When writing authorization policy, it is often necessary to allow certain actions to any authenticated user. For example, creating a service or configmap, and granting read access to all users

It is also frequently necessary to allow actions to any unauthenticated user. For example, fetching discovery APIs might be part of an authentication process, and therefore need to be able to be read without access to authentication credentials.

This PR:

• Adds an option to allow anonymous requests to the secured API port. If enabled, requests to the secure port that are not rejected by other configured authentication methods are treated as anonymous requests, and given a username of system:anonymous and a group of system:unauthenticated. Note: this should only be used with an --authorization-mode other than AlwaysAllow
• Decorates user.Info returned from configured authenticators with the group system:authenticated.
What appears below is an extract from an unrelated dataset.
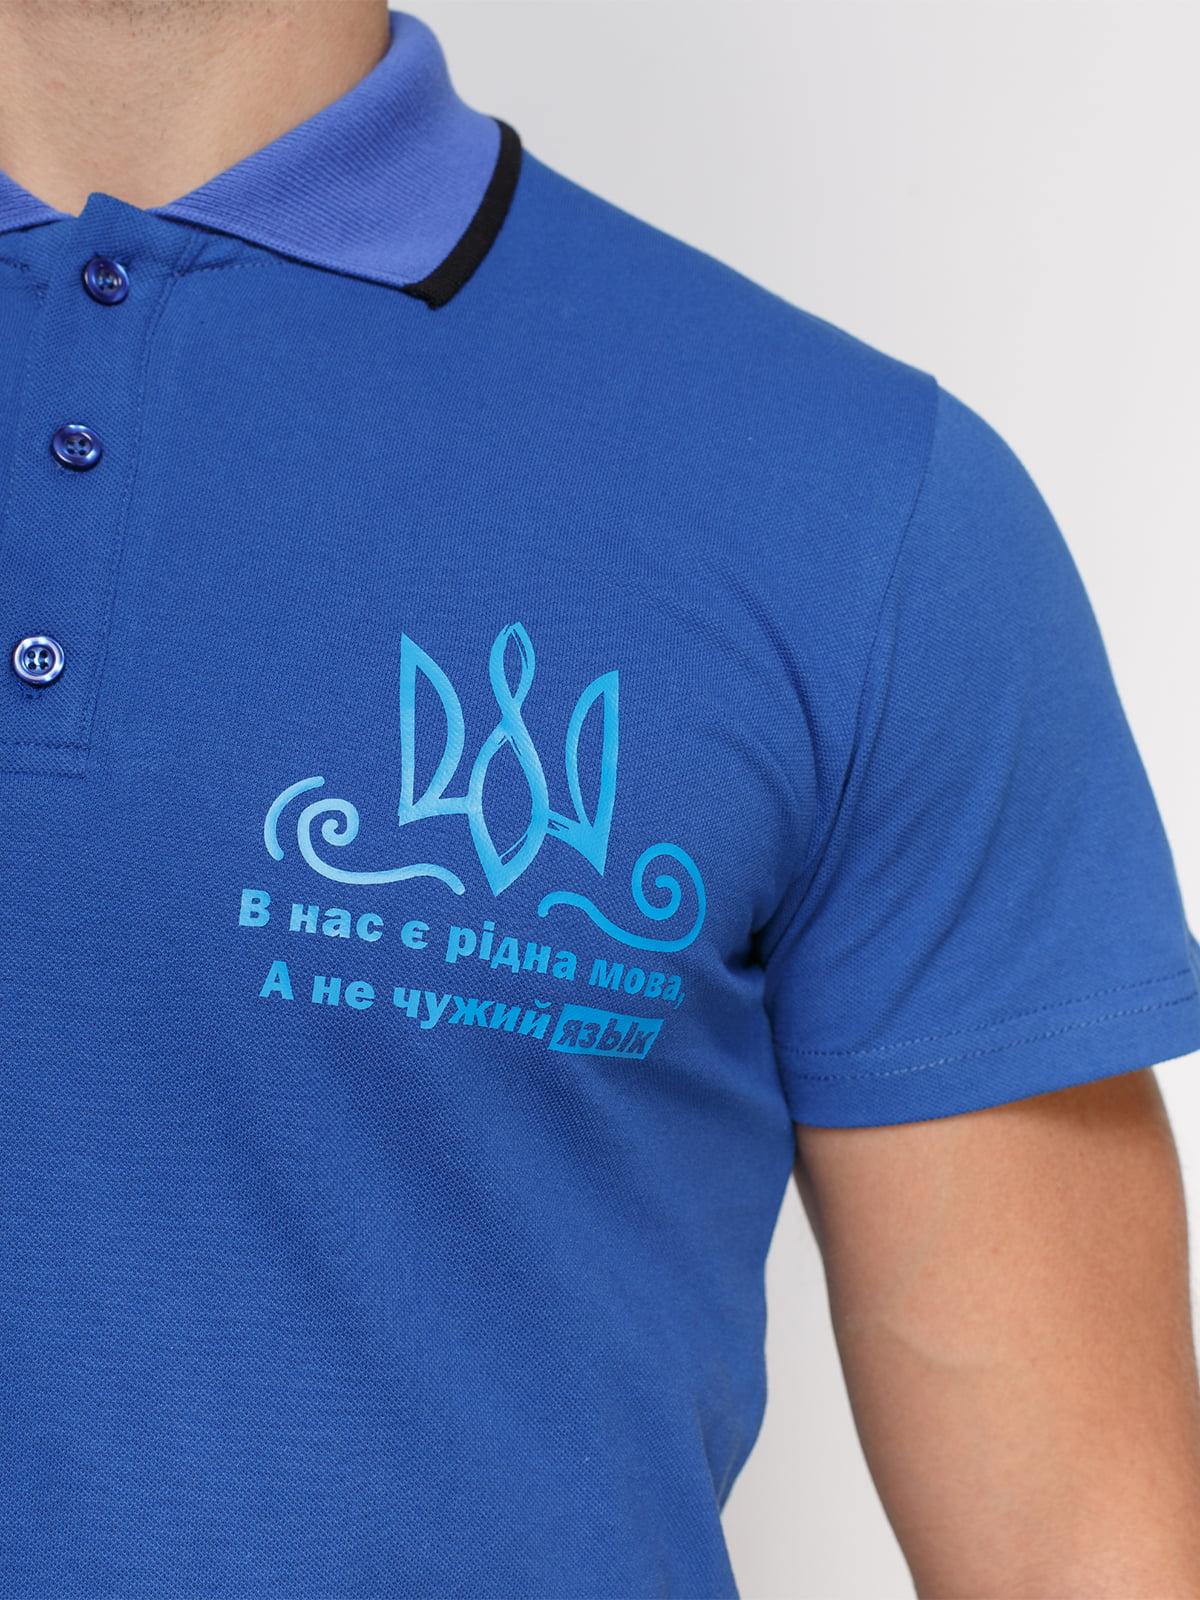 Футболка-поло синя з принтом | 4578505 | фото 3
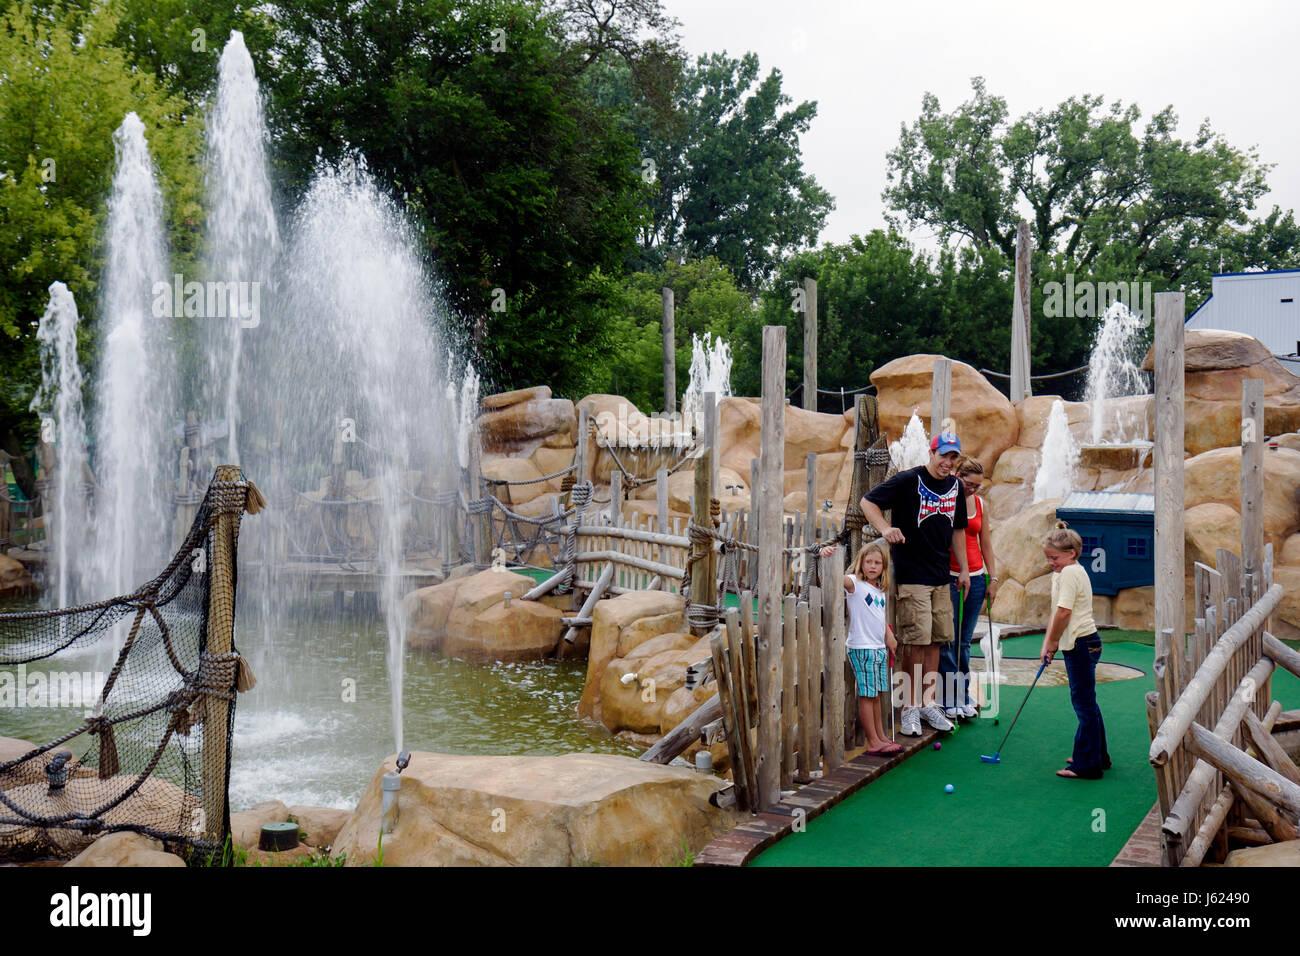 Indiana Valparaiso Zao Island Entertainment Center miniature golf fountains family entertainment man woman boy girl Stock Photo

This is related to defining a default set of roles and bindings for RBAC (kubernetes/enhancements#2). The bootstrap policy should allow all users (anonymous or authenticated) to request the discovery APIs.

kube-apiserver learned the '--anonymous-auth' flag, which defaults to true. When enabled, requests to the secure port that are not rejected by other configured authentication methods are treated as anonymous requests, and given a username of 'system:anonymous' and a group of 'system:unauthenticated'. 

Authenticated users are decorated with a 'system:authenticated' group.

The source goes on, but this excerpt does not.